#### [TASK TO COMPLETE]
Please reproduce the listing in its entirety, exactly as written, but without images.

#### [EXERCISE DATA]
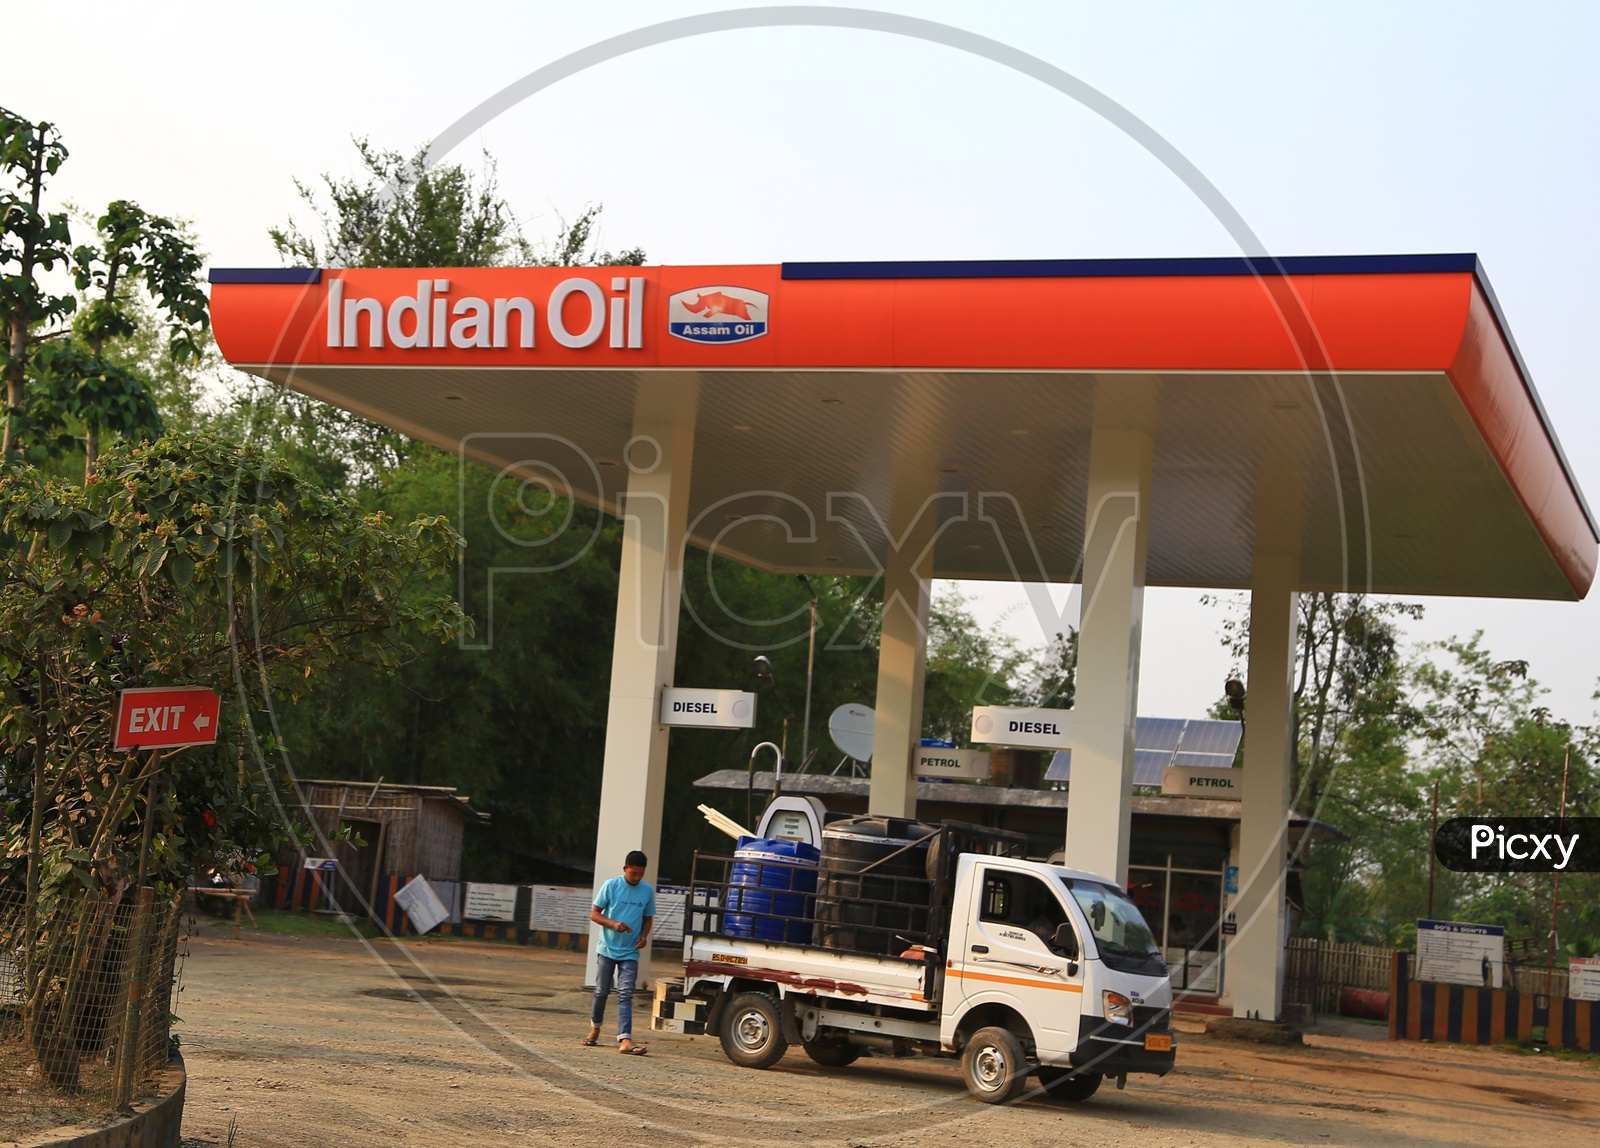 Indian oil bunk/ Assam Oil
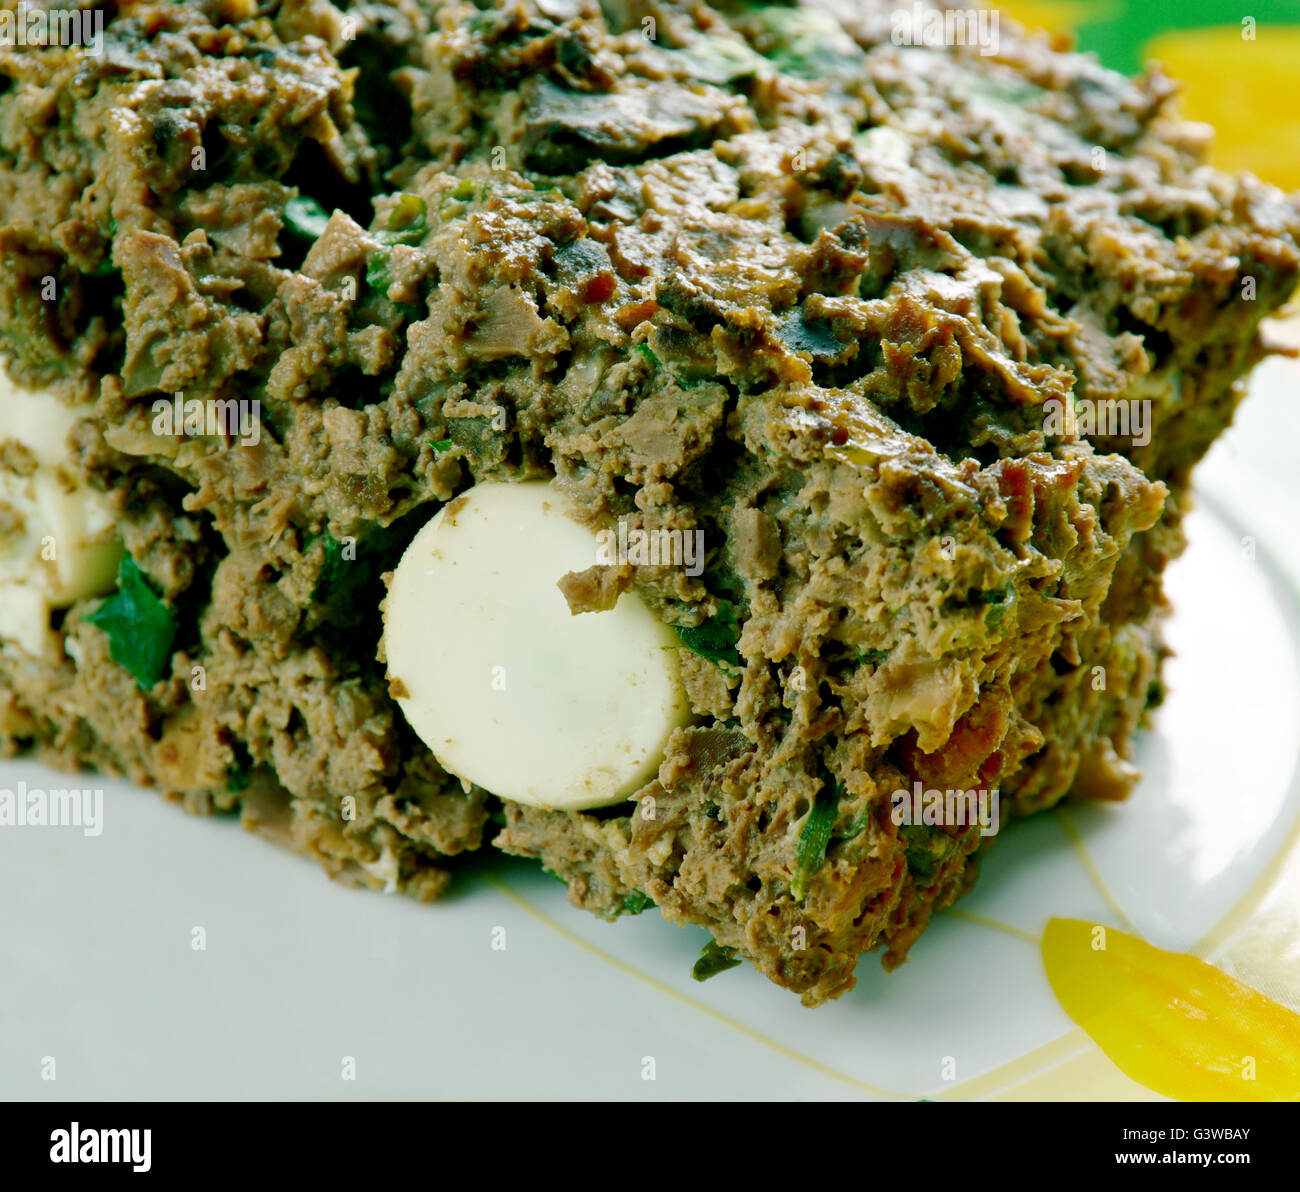 Drob - tradizionale piatto rumeno, simile ad un haggis, fatta di agnello macinata di frattaglie confezionate in omento e arrostito come un polpettone Foto Stock
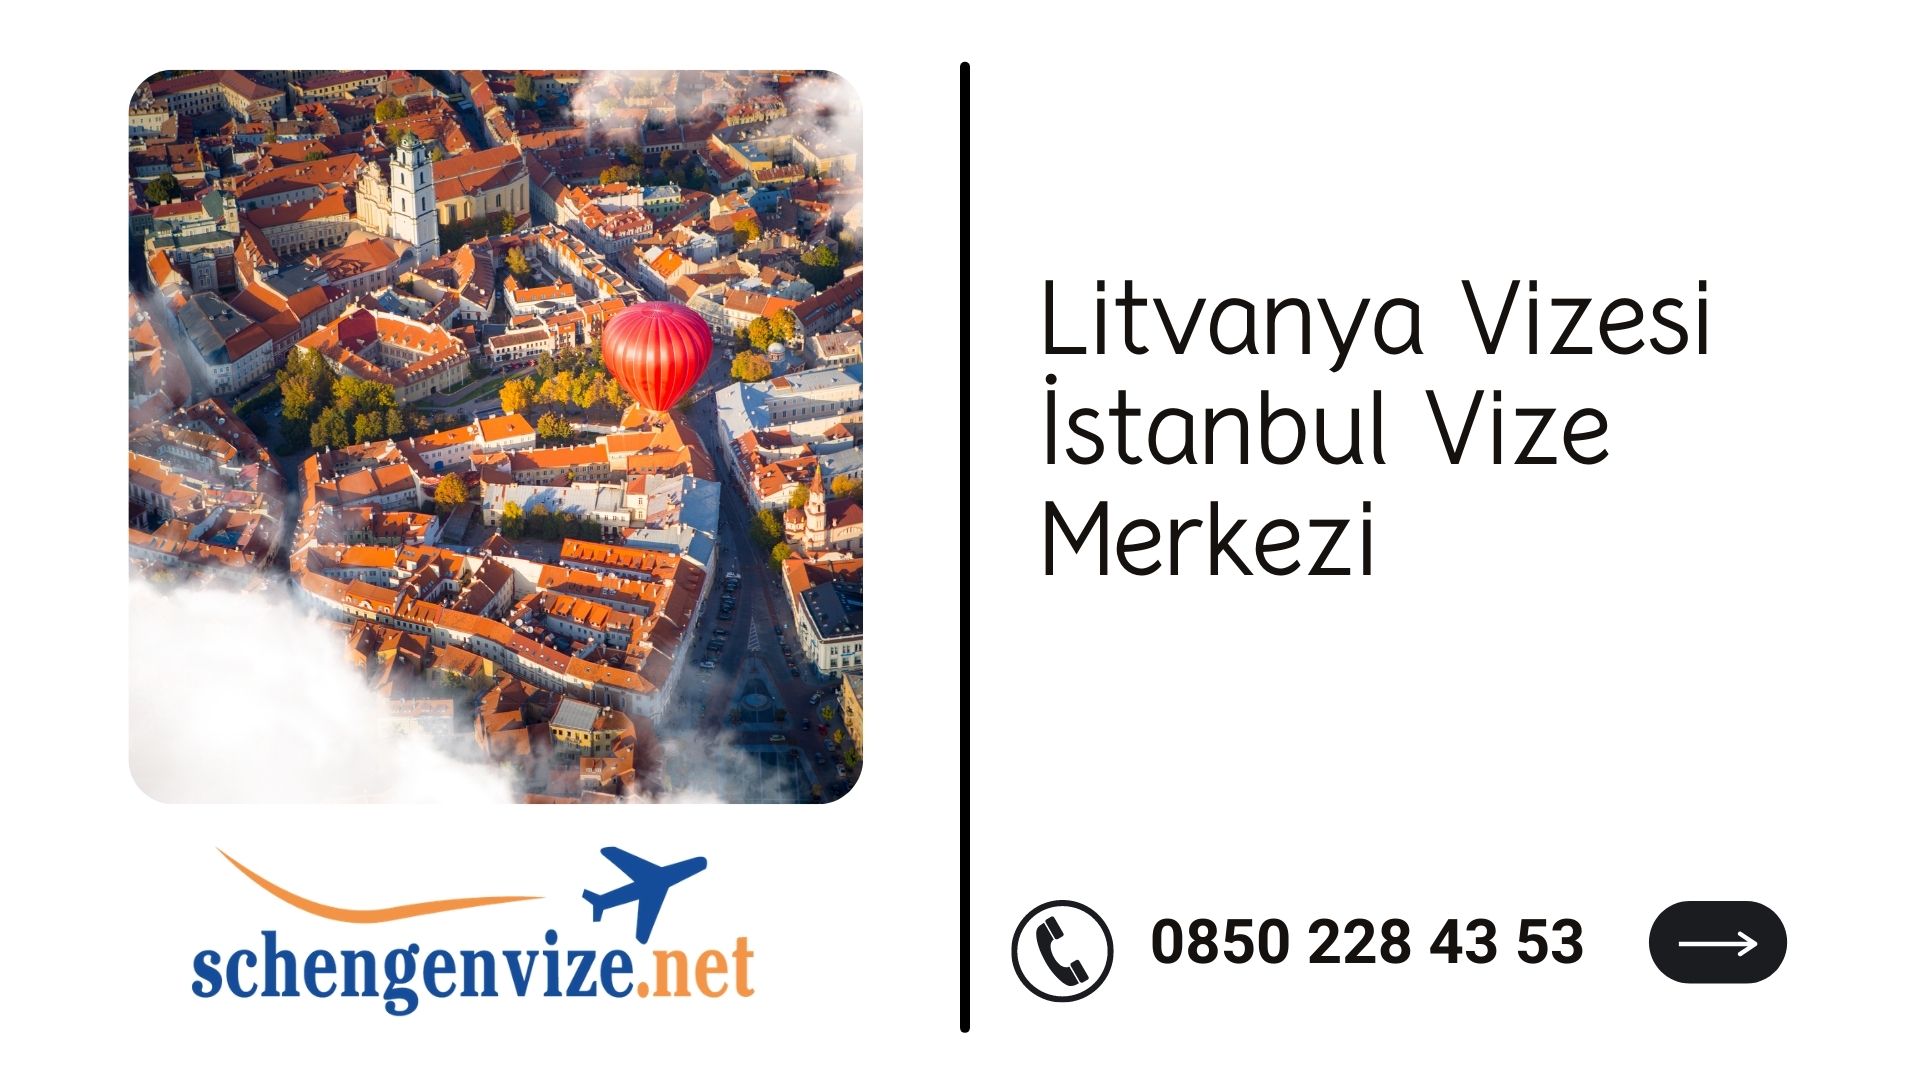 Litvanya Vizesi İstanbul Vize Merkezi

#### [SOLVED PROBLEM]
 Indian oil bunk/ Assam Oil
 Drob - tradizionale piatto rumeno, simile ad un haggis, fatta di agnello macinata di frattaglie confezionate in omento e arrostito come un polpettone Foto Stock
 Litvanya Vizesi İstanbul Vize Merkezi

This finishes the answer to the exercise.